Table 6 illustrates a comparison of participants’ perceived smell function and their UPSIT test result, by test result category. A Spearman rank correlation analysis found a significant correlation between perceived smell function and UPSIT test result category (r = 0.84 ± 0.71 to 0.90, p < 0.001).
Discussion
We report longitudinal data from a community cohort with a new loss in their sense of smell and/or taste and resolution of these symptoms both in people with positive and negative SARS-CoV-2 IgG/IgM antibodies. Our data come from an entirely community based cohort with a low hospital admission rate where loss of taste and/or smell are the predominant symptoms. 77.9% of our cohort had positive SARS-CoV-2 antibodies and the study had a follow-up completion rate of 82.2%. We report a higher rate of recovery of smell loss (72.1% vs. 57.7%; p = 0.027), taste loss (80.3% vs. 66.2%; p = 0.017) and combined smell and taste loss (79.6% vs. 64%; p = 0.026) in participants who tested negative compared to participants who tested positive for SARS-CoV-2 antibodies.
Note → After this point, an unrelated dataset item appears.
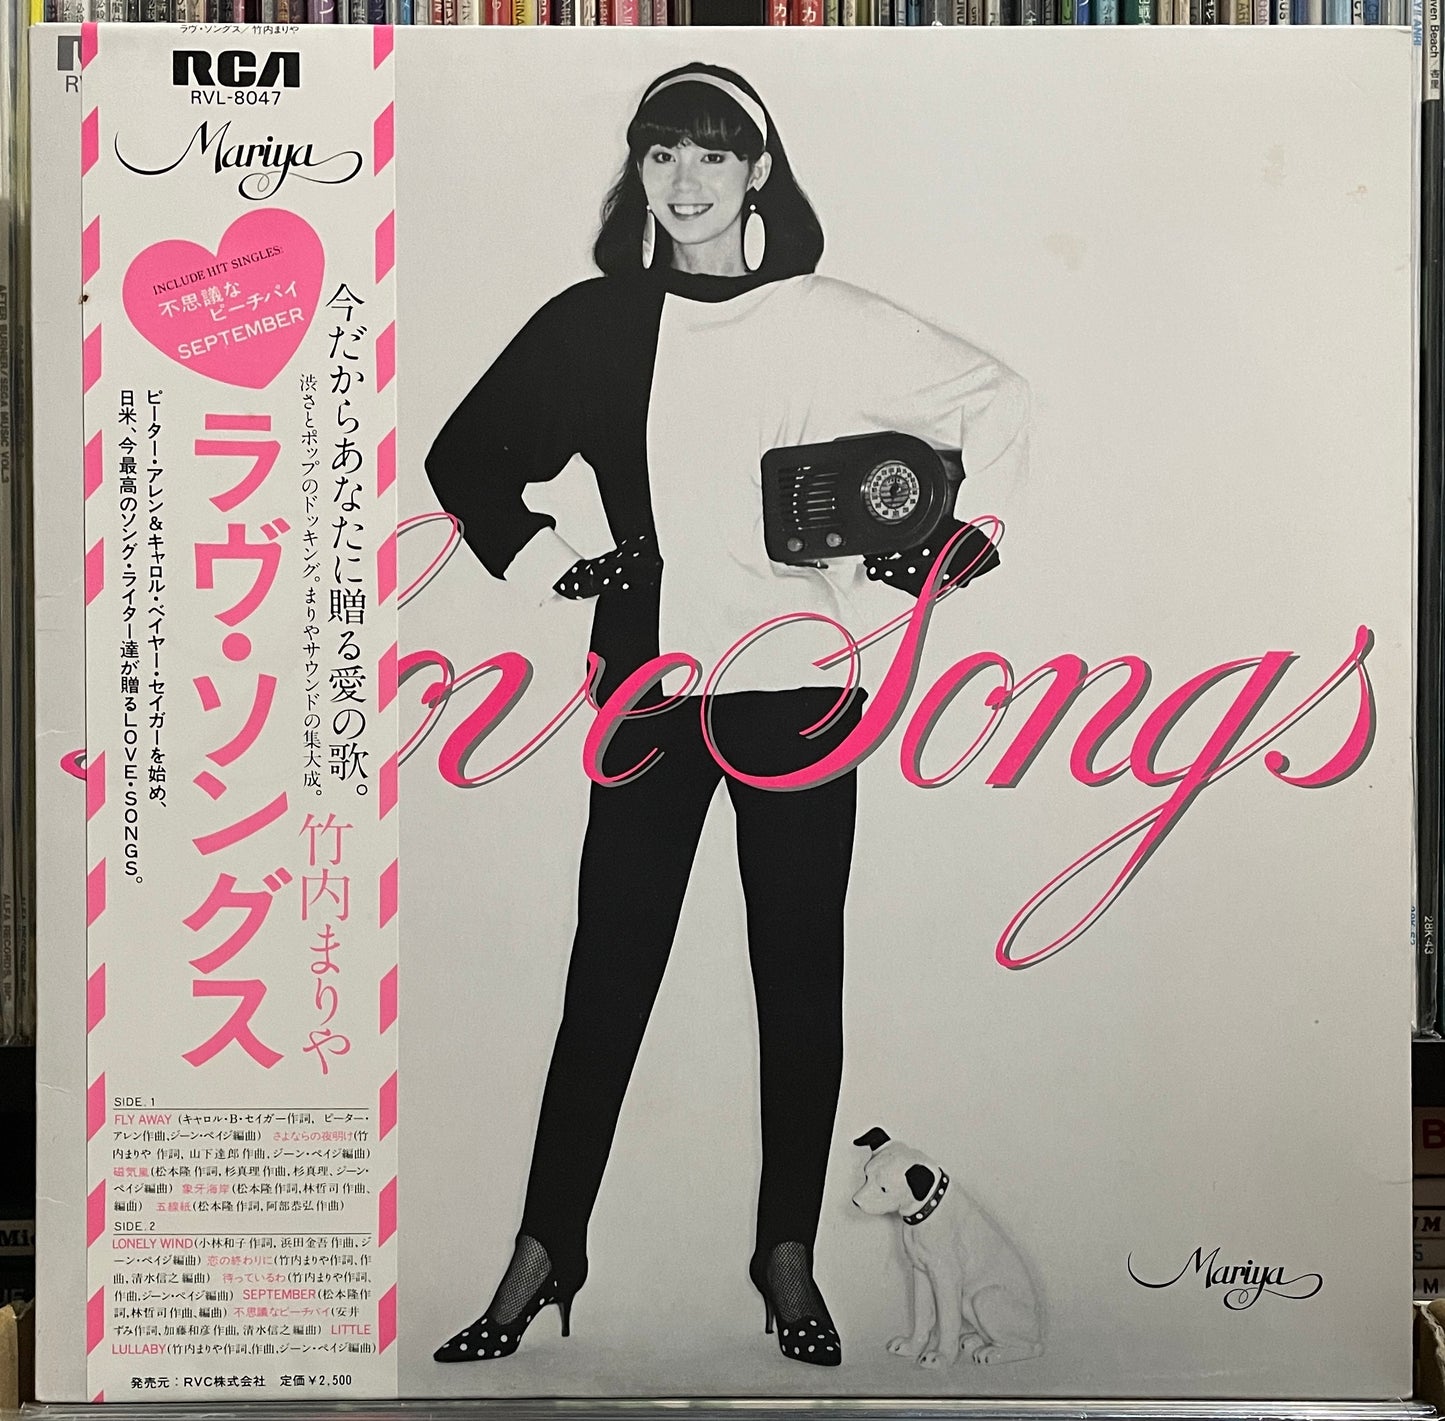 Mariya Takeuchi “Love Songs” (1980)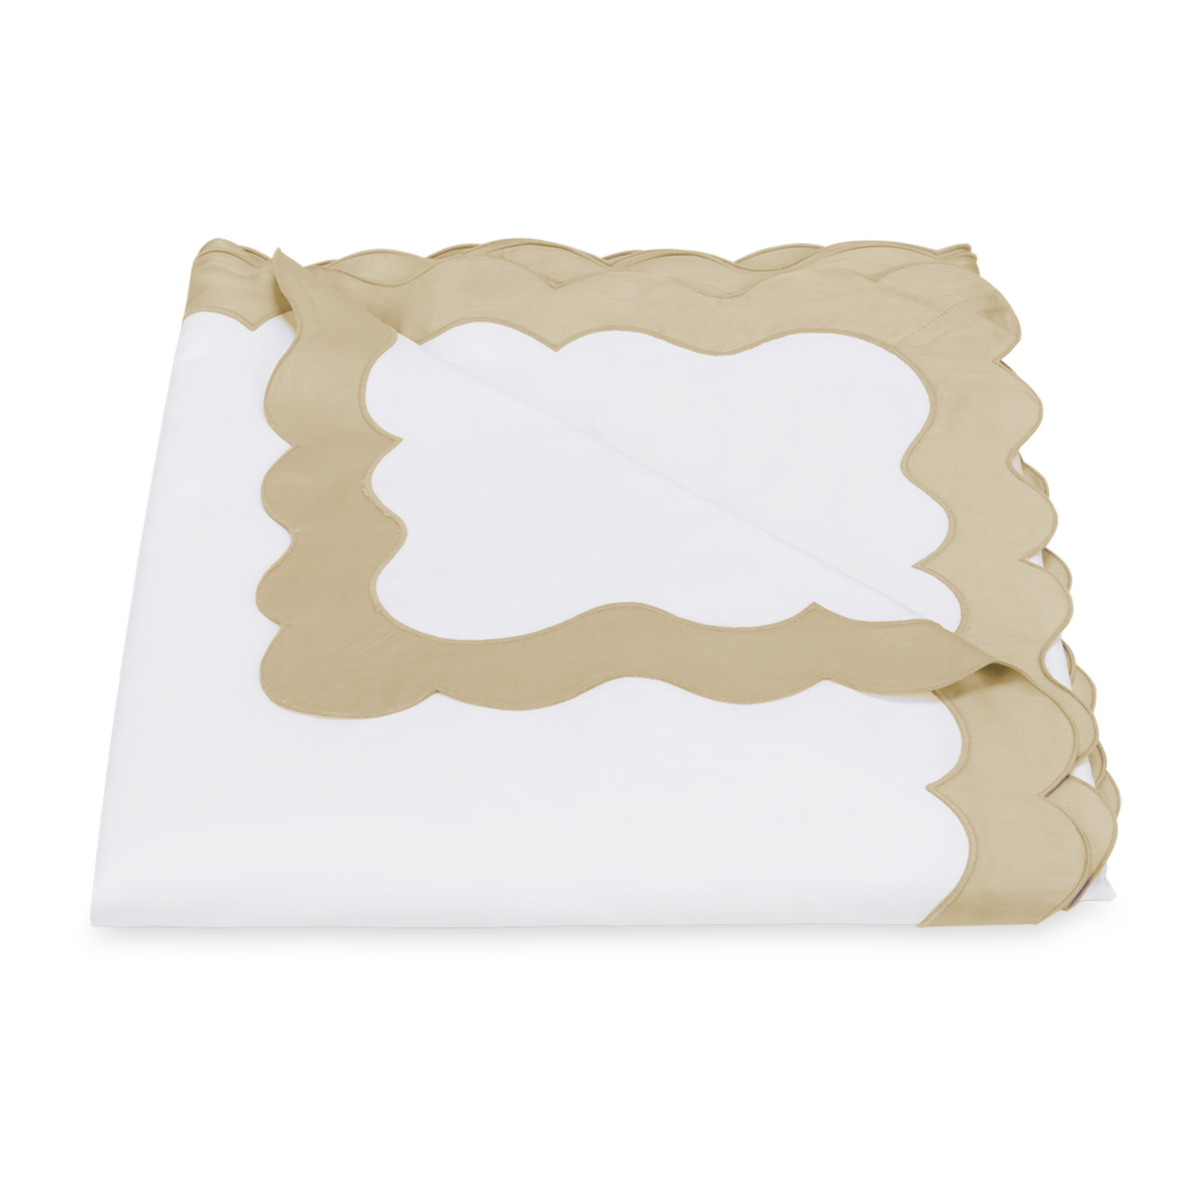 Folded Duvet Cover of Matouk Lorelei Bedding in Champagne Color

Participants in this study were tested for antibodies following recruitment and completing the baseline questionnaire, taking into consideration their onset of symptoms. Evidence into persistence of these antibiodes now suggests that these persist for several months, even in populations with mild disease [19, 20].
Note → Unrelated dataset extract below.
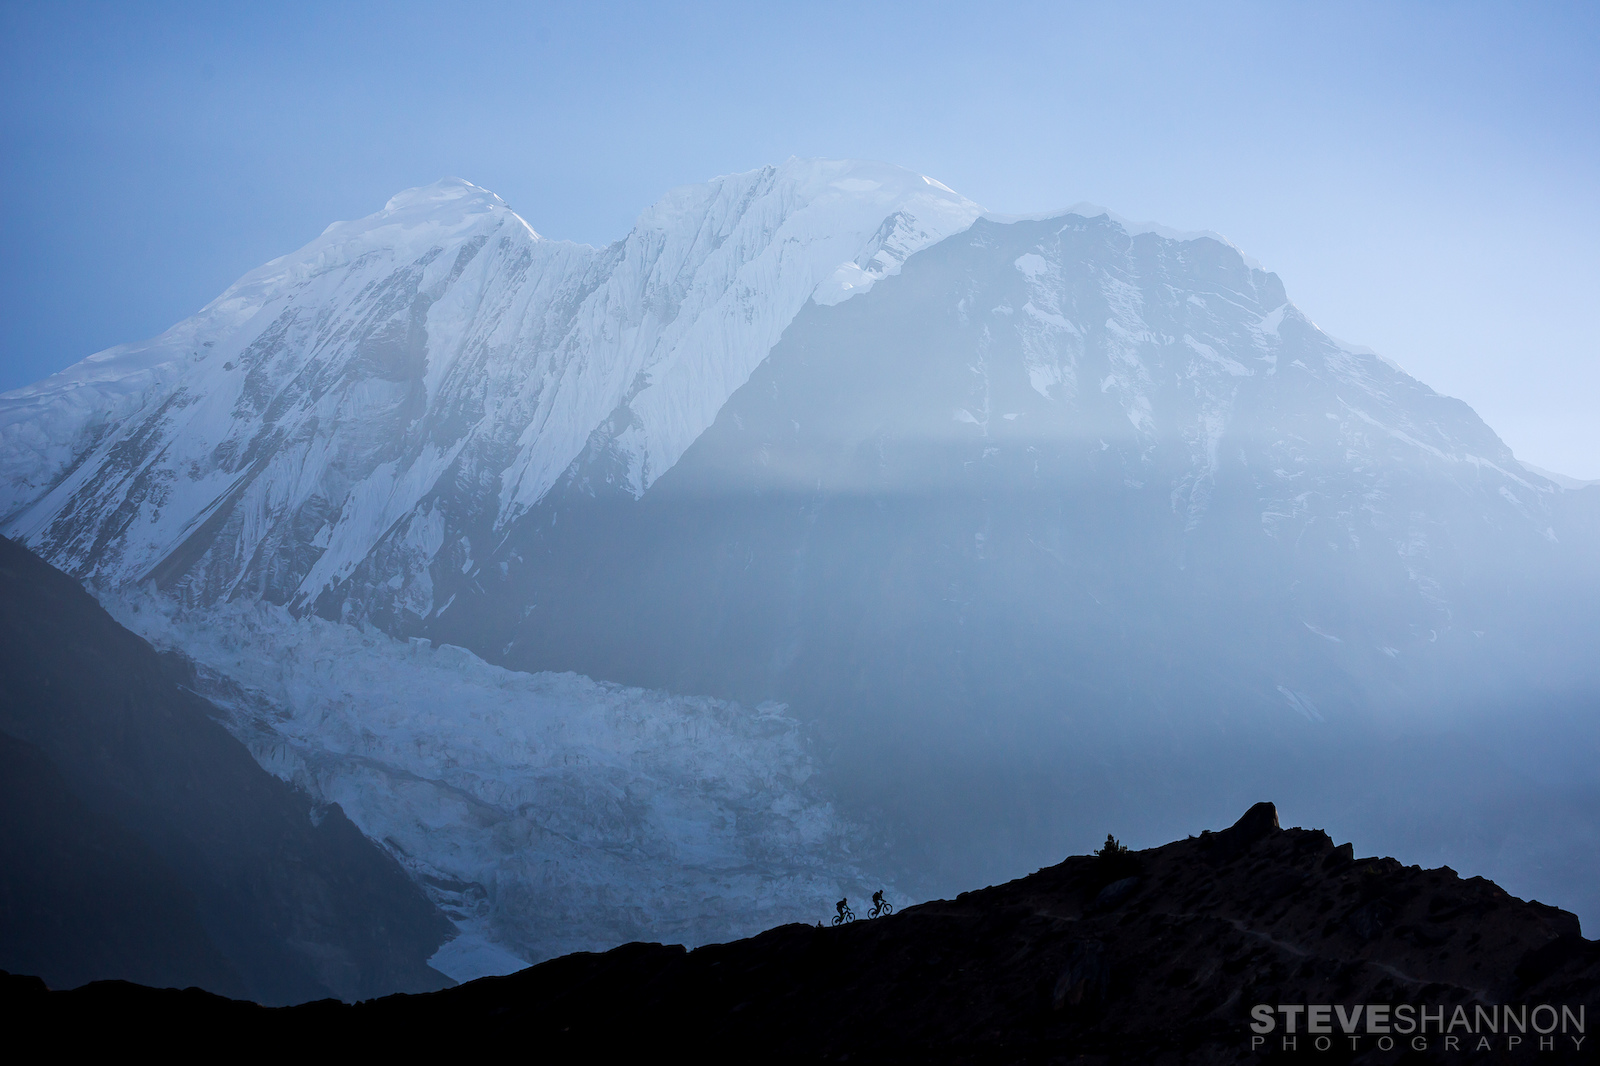 Mountain bikers silhouetted against the massive Himalayan peak, Gangapurna (7455m).

Importantly, our study highlights the high percentage of patients with ongoing smell loss (42.3%), ongoing taste loss (33.8%) and combined smell and taste loss (36.0%). The observed smell loss resolution rate of 57.7% in participants with SARS-CoV-2 antibodies within 4–6 weeks in our study is in line with existing literature [12, 21]. Dell’Era et al. similarly reported that in 355 participants with COVID-19, 70% reported either smell loss and/or taste loss during infection [22]. 49.5% of participants reported full resolution of both sense of smell/taste after 14 days since the onset of symptoms, increasing to 62.9% at time of interview (23 days median, range 15–31), with a median recovery time of 10 days. In contrast to our community-based study, their findings come from a hospitalised patient cohort. Resolution rates in the literature currently range from 29 to 92.8% [11, 12, 23]. Discrepancies are likely due to differences in study populations, sample size, location and duration of follow up since onset of symptoms.
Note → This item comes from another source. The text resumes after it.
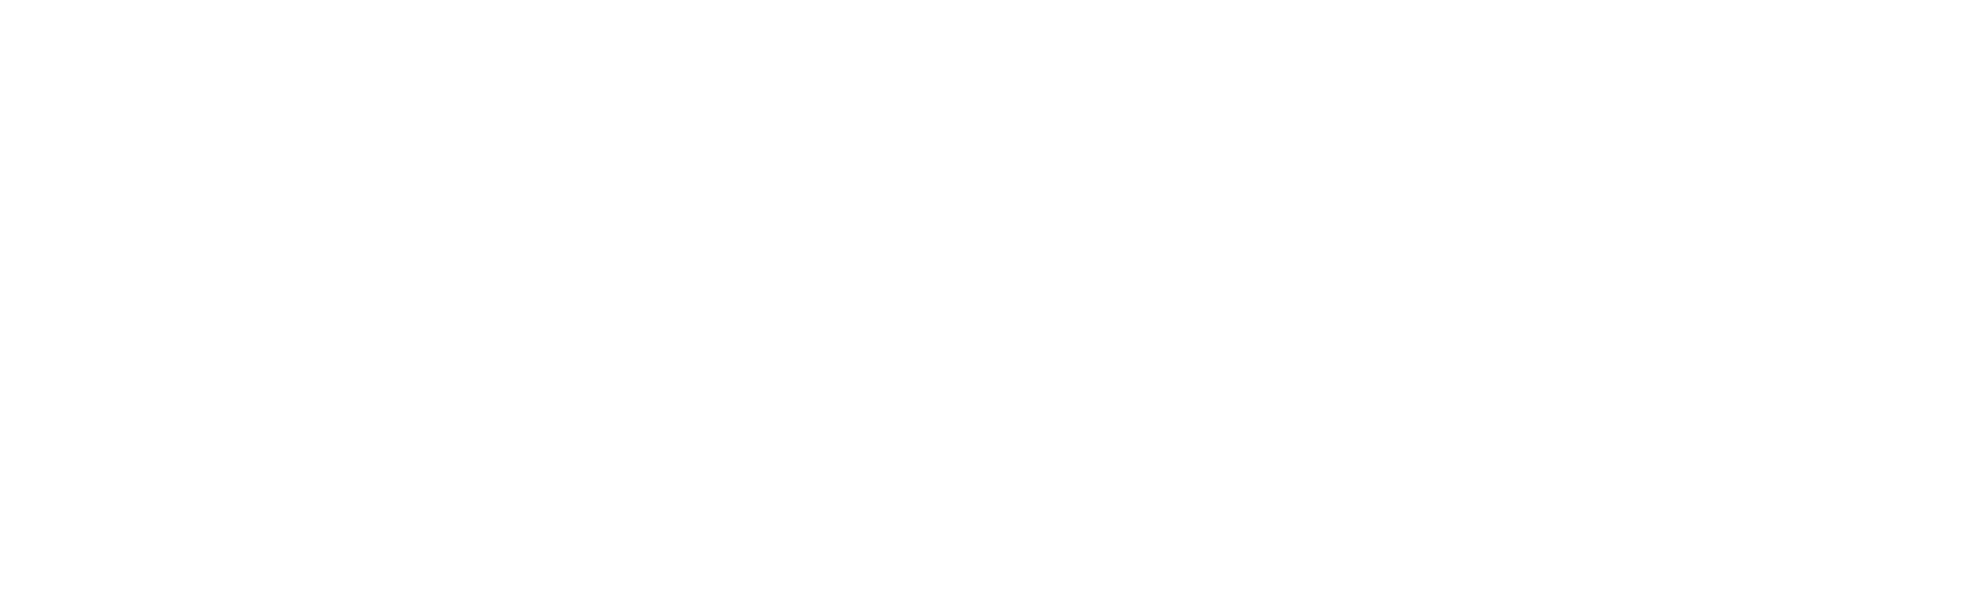 VOLfest - logo blanco

Furthermore, we report higher rates of smell loss resolution in participants with partial compared to complete smell loss (67.4% vs. 54.5%, p = 0.032). This is compatible with Kosugi et al. [14] who reported that the full resolution from ‘partial loss of smell’ in COVID-19 positive patients takes place more frequently than that from ‘complete loss of smell’. Supportively, using an objective approach, Lechien et al. also found that higher baseline severity of smell loss, measured by ‘Sniffin-Sticks’ was strongly predictive of persistent smell loss [24]. Beltrán-Corbellini et al. compared smell loss recovery in 70 COVID-19 and 40 influenza participants [25]. 40% of COVID-19 positive participants reported full resolution after 7.4 ± 2.3 days and 16.7% reported partial resolution after 9.1 ± 3.6 days, whereas 100% of influenza participants fully recovered their sense of smell. The fact that participants with SARS-CoV-2 antibodies also had higher rates of complete anosmia, suggests a more severe spectrum of COVID-19 related smell loss compared to post-viral smell loss from other respiratory pathogens.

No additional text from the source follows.